Content starts

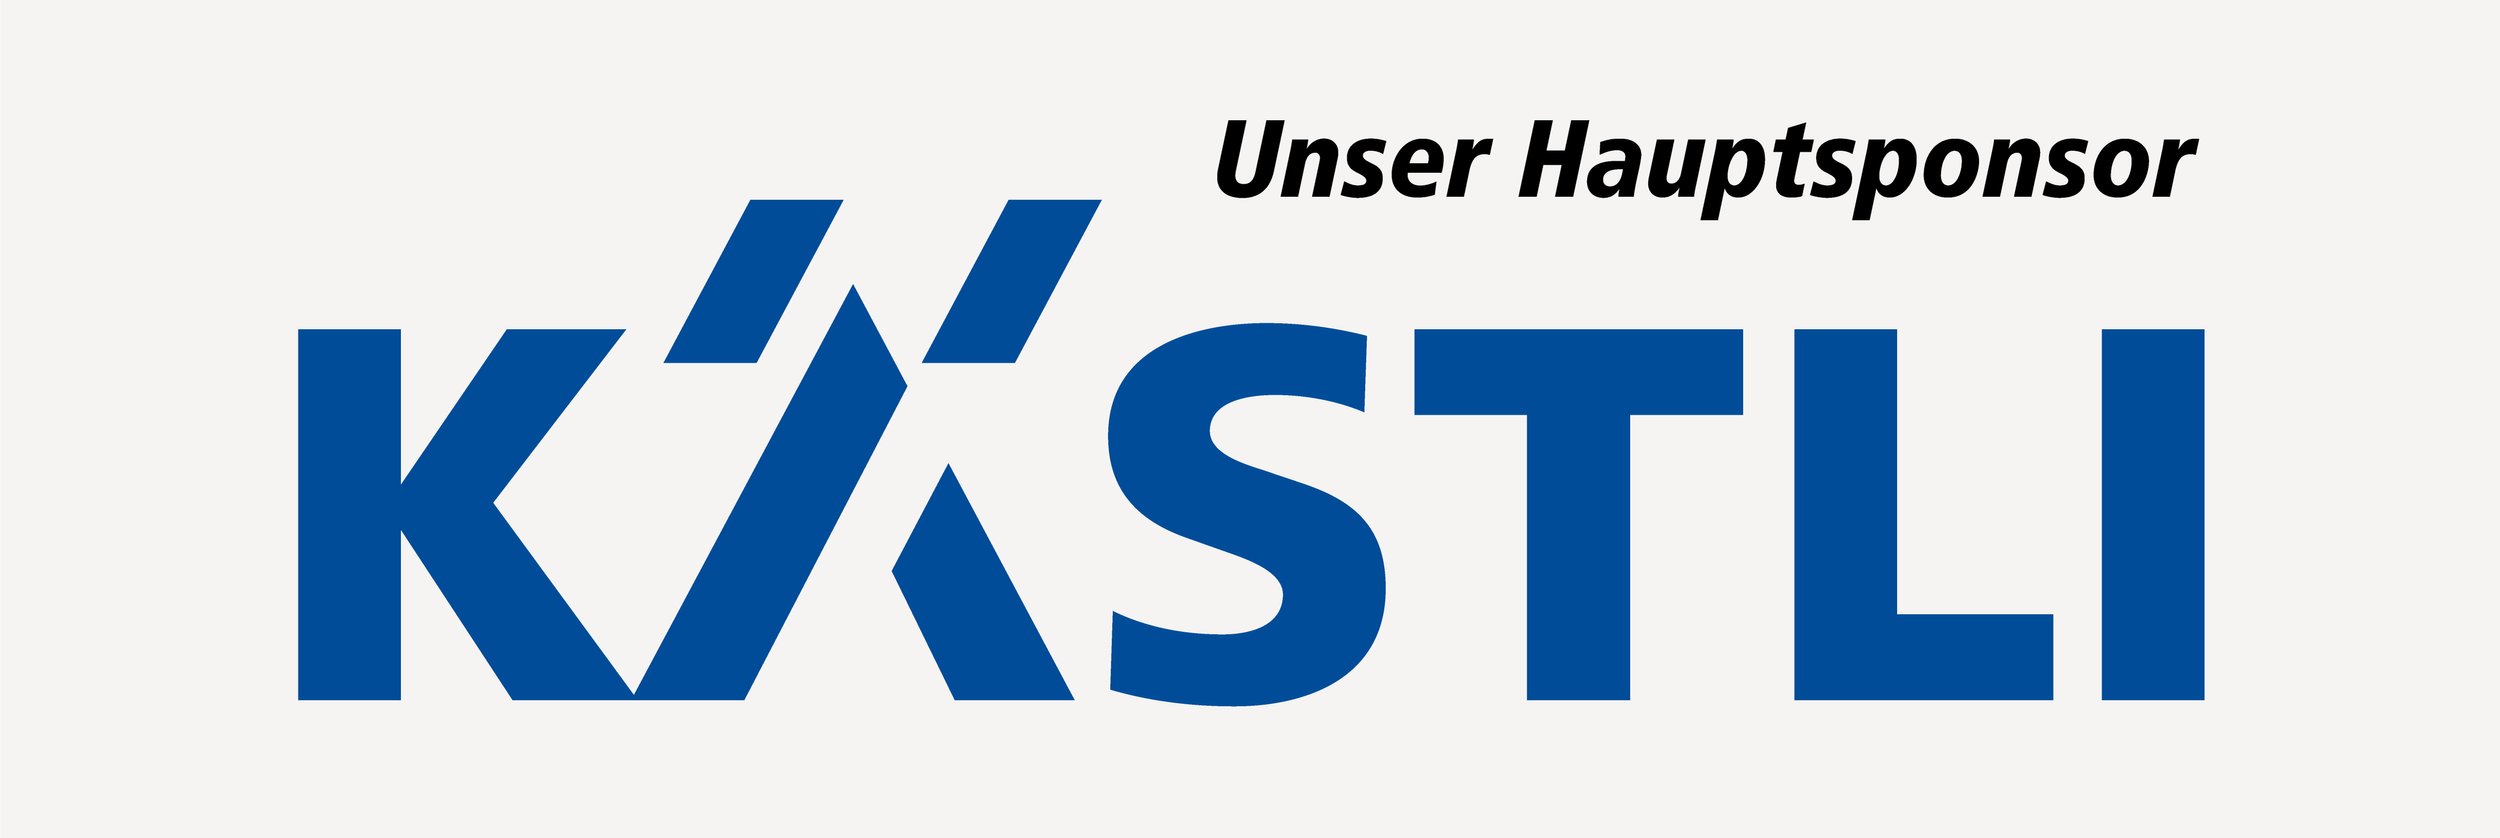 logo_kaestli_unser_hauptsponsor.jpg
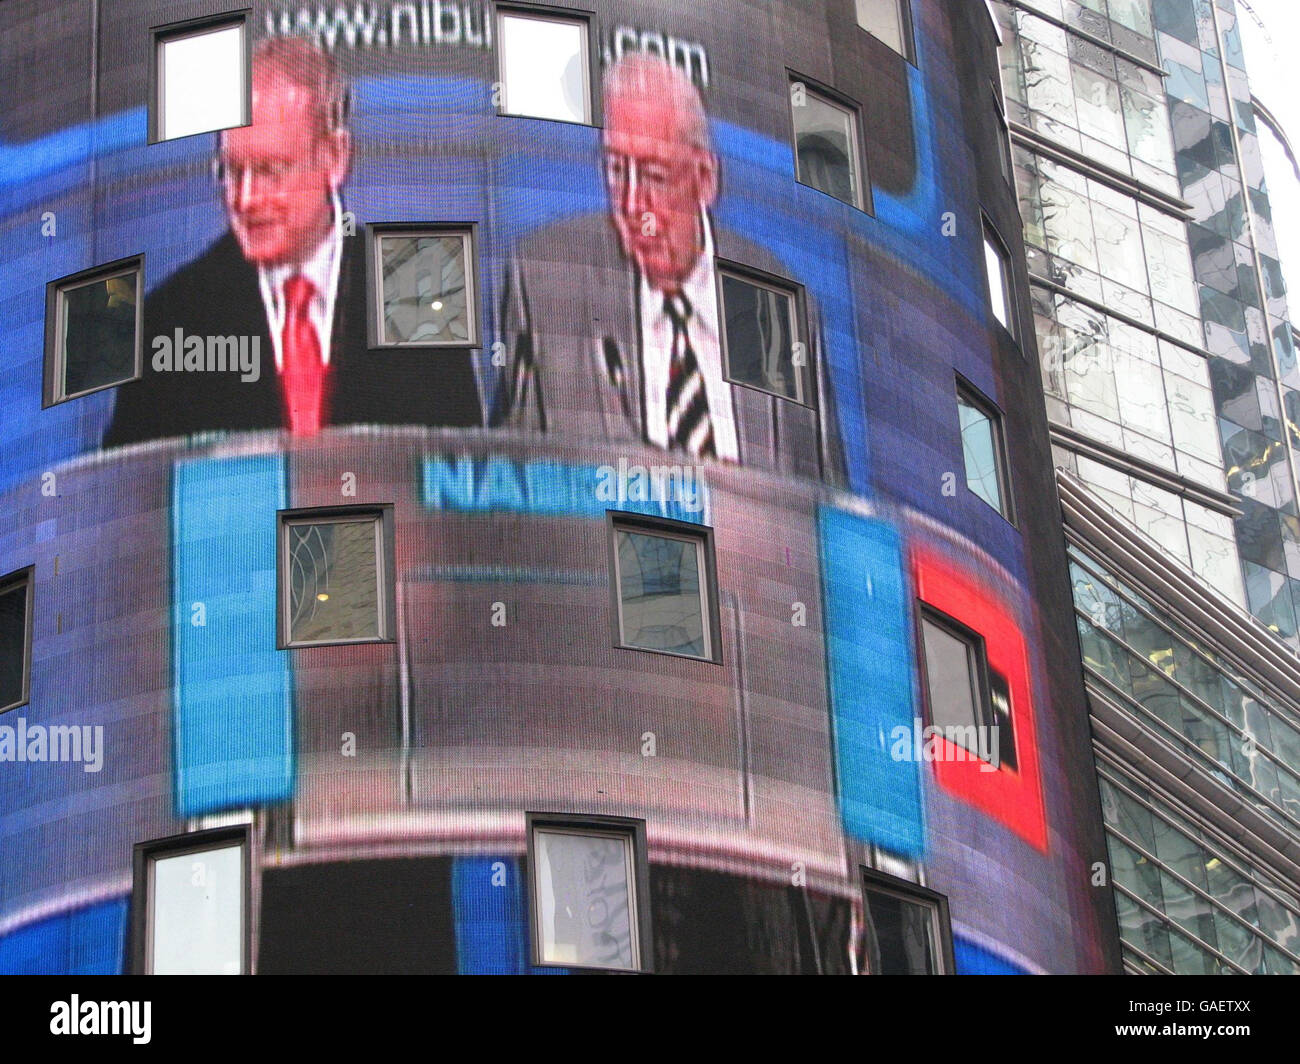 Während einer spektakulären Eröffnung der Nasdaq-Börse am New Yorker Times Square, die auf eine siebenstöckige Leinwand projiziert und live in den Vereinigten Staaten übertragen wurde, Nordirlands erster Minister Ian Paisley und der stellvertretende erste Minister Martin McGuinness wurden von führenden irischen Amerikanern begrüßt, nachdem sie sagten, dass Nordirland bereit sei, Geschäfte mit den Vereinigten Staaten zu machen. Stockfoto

Content ends
Content starts

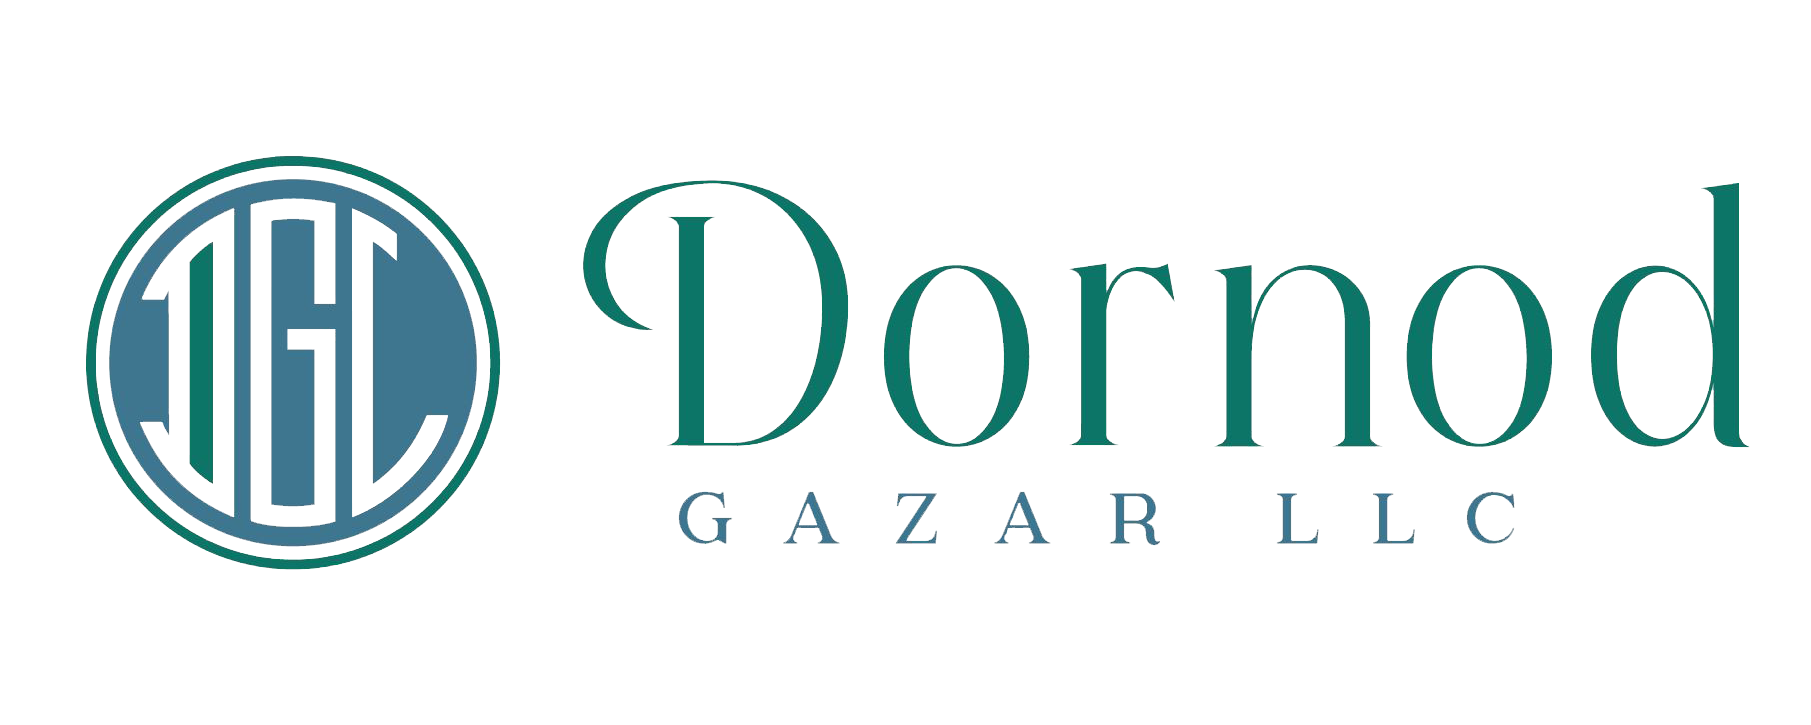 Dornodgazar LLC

Content ends

Requirement: Within the material above, find the part that opens with the line containing "logo_kaestli_unser_hauptsponsor.jpg" and closes with the line containing "Während einer spektakulären", and reproduce it exactly without the pictures.

Solution below:
 logo_kaestli_unser_hauptsponsor.jpg
 Während einer spektakulären Eröffnung der Nasdaq-Börse am New Yorker Times Square, die auf eine siebenstöckige Leinwand projiziert und live in den Vereinigten Staaten übertragen wurde, Nordirlands erster Minister Ian Paisley und der stellvertretende erste Minister Martin McGuinness wurden von führenden irischen Amerikanern begrüßt, nachdem sie sagten, dass Nordirland bereit sei, Geschäfte mit den Vereinigten Staaten zu machen. Stockfoto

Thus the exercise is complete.